Activity:
Within the entries below, please return exactly the lines from the one with "litu-200600819-zhang-tian-yi-sea_IMG_6259" through the one with "Świetny pomysł na", leaving out any pictures.

Records:
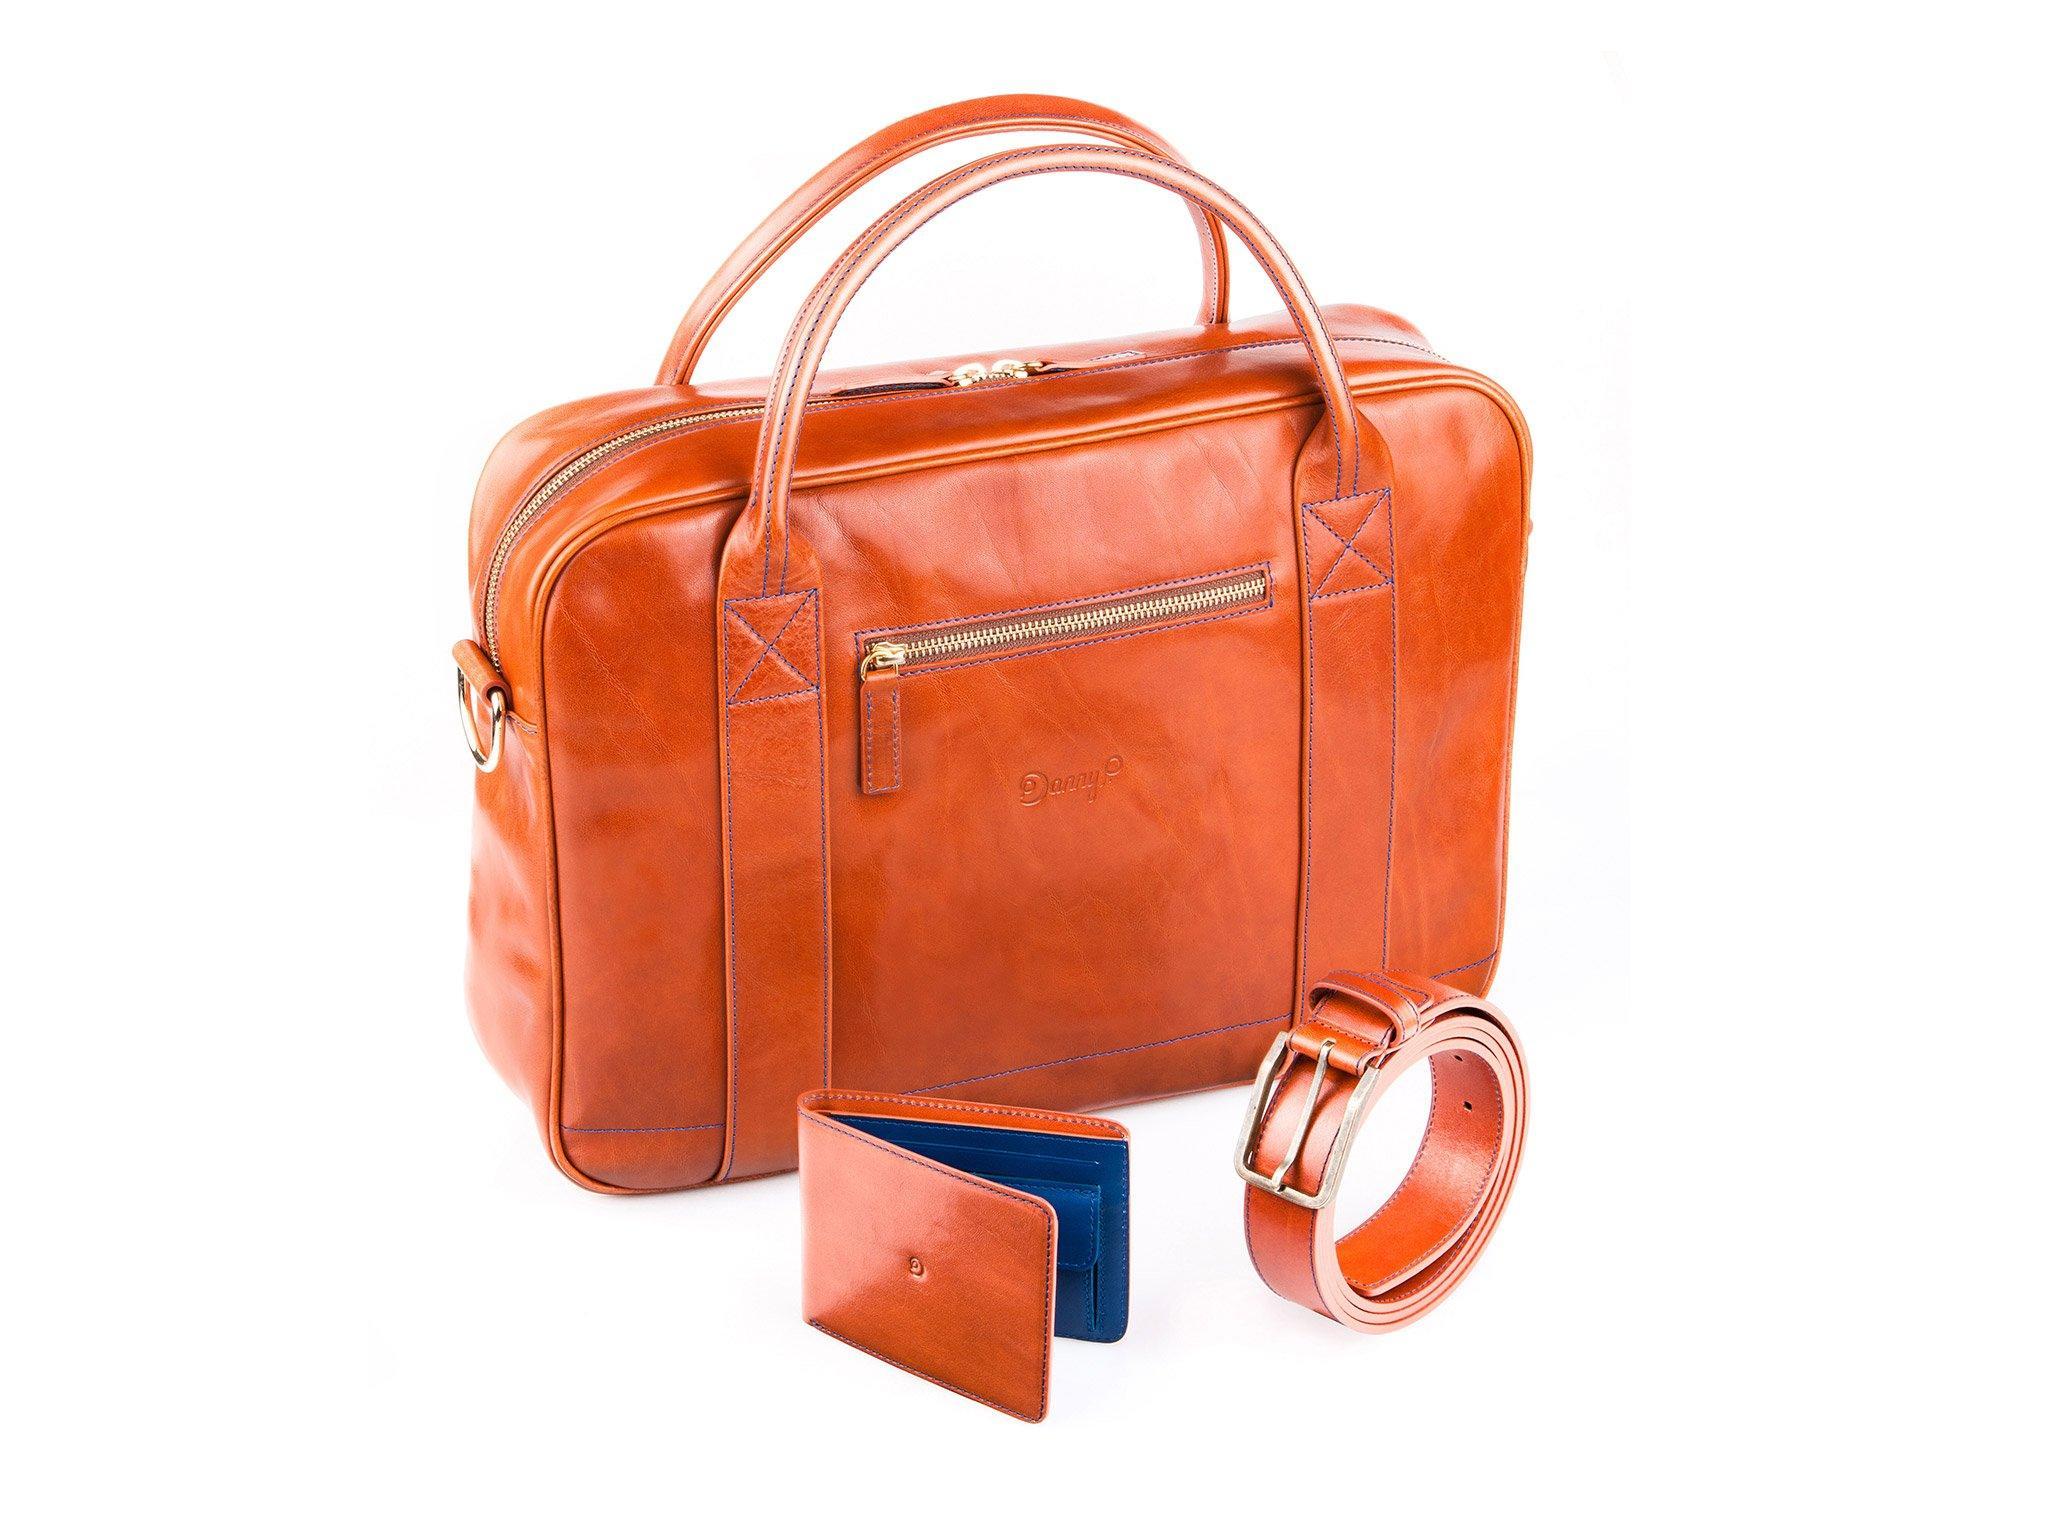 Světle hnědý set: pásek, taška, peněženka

* * *

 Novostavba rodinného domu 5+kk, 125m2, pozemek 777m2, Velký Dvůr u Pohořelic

---

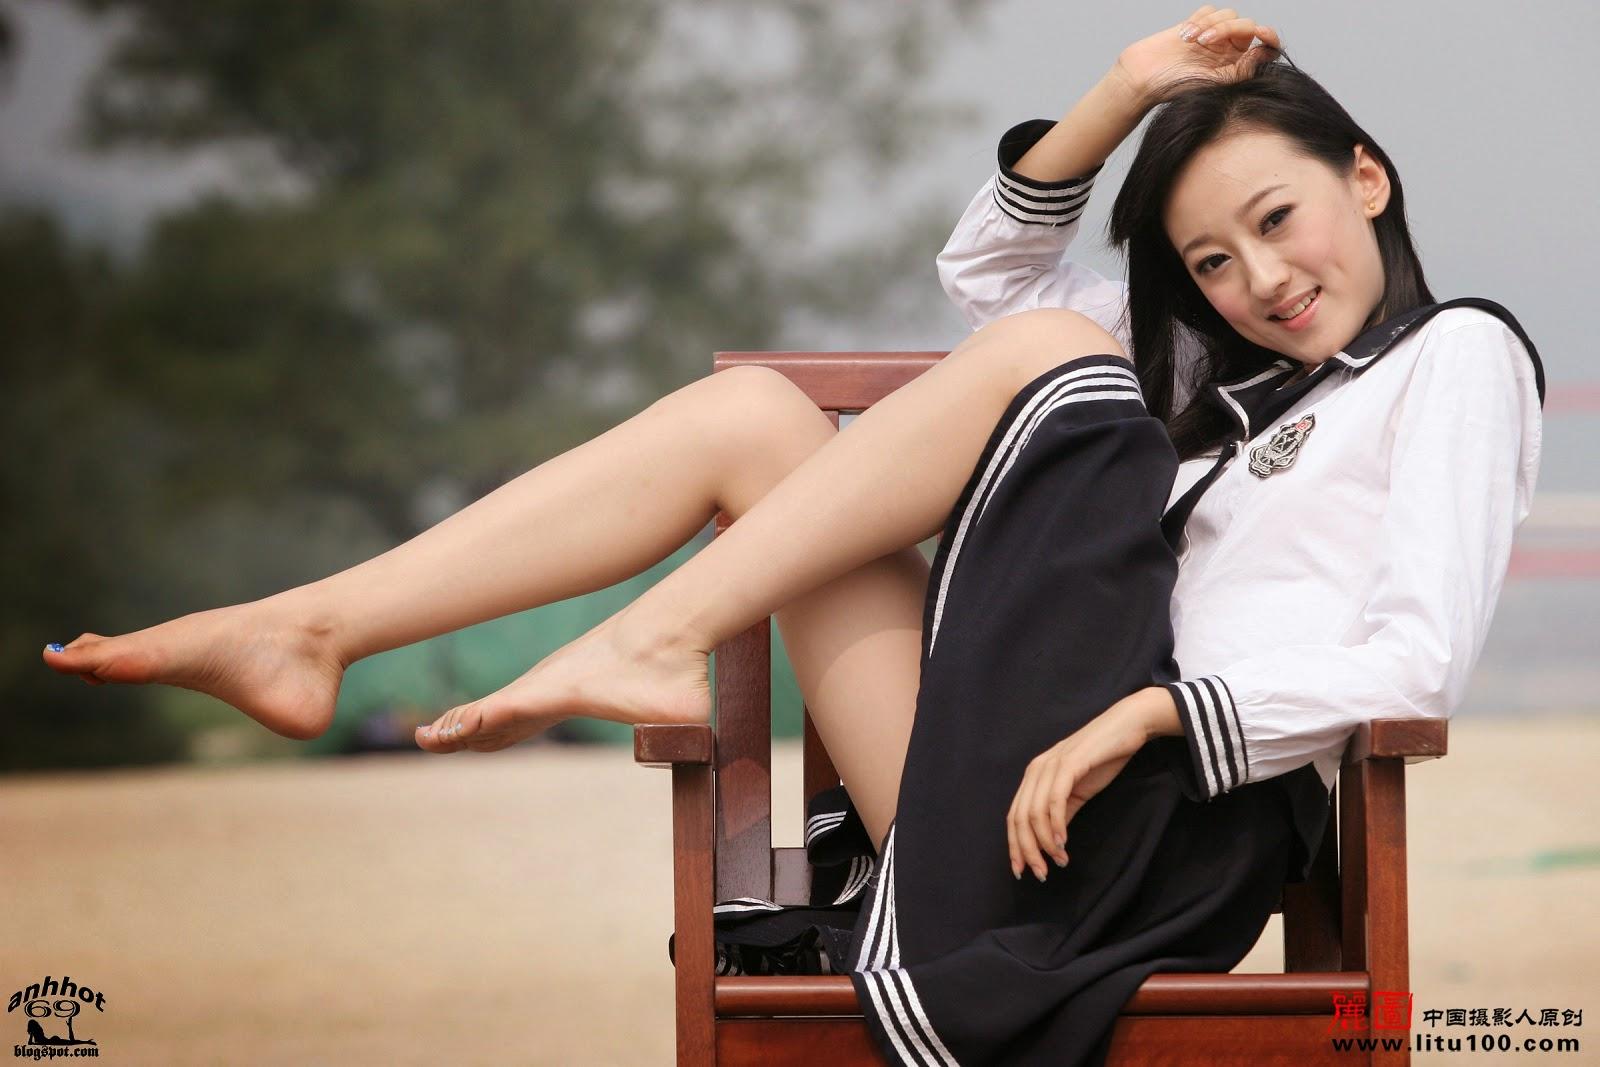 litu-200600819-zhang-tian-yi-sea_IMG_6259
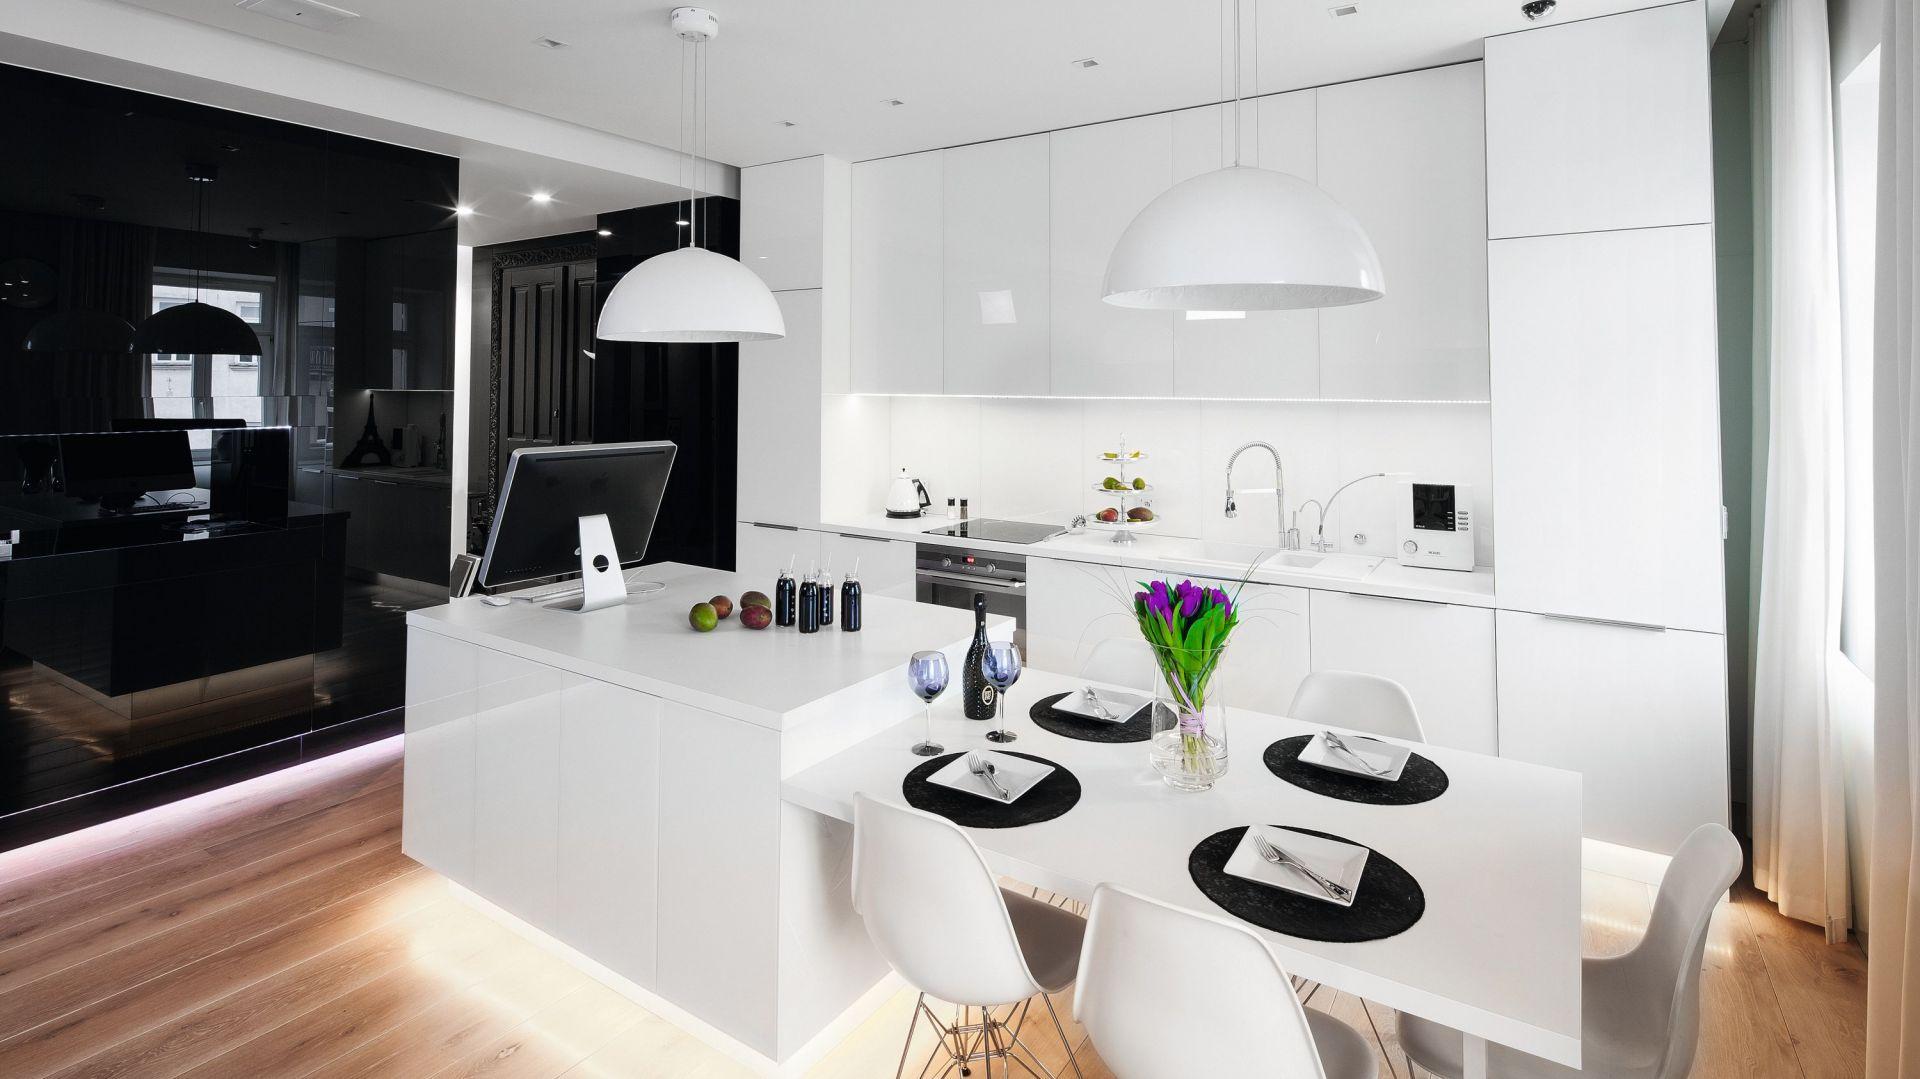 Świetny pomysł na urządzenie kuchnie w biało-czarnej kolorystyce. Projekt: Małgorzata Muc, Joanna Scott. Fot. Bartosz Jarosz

Completed exercise:
 litu-200600819-zhang-tian-yi-sea_IMG_6259
 Świetny pomysł na urządzenie kuchnie w biało-czarnej kolorystyce. Projekt: Małgorzata Muc, Joanna Scott. Fot. Bartosz Jarosz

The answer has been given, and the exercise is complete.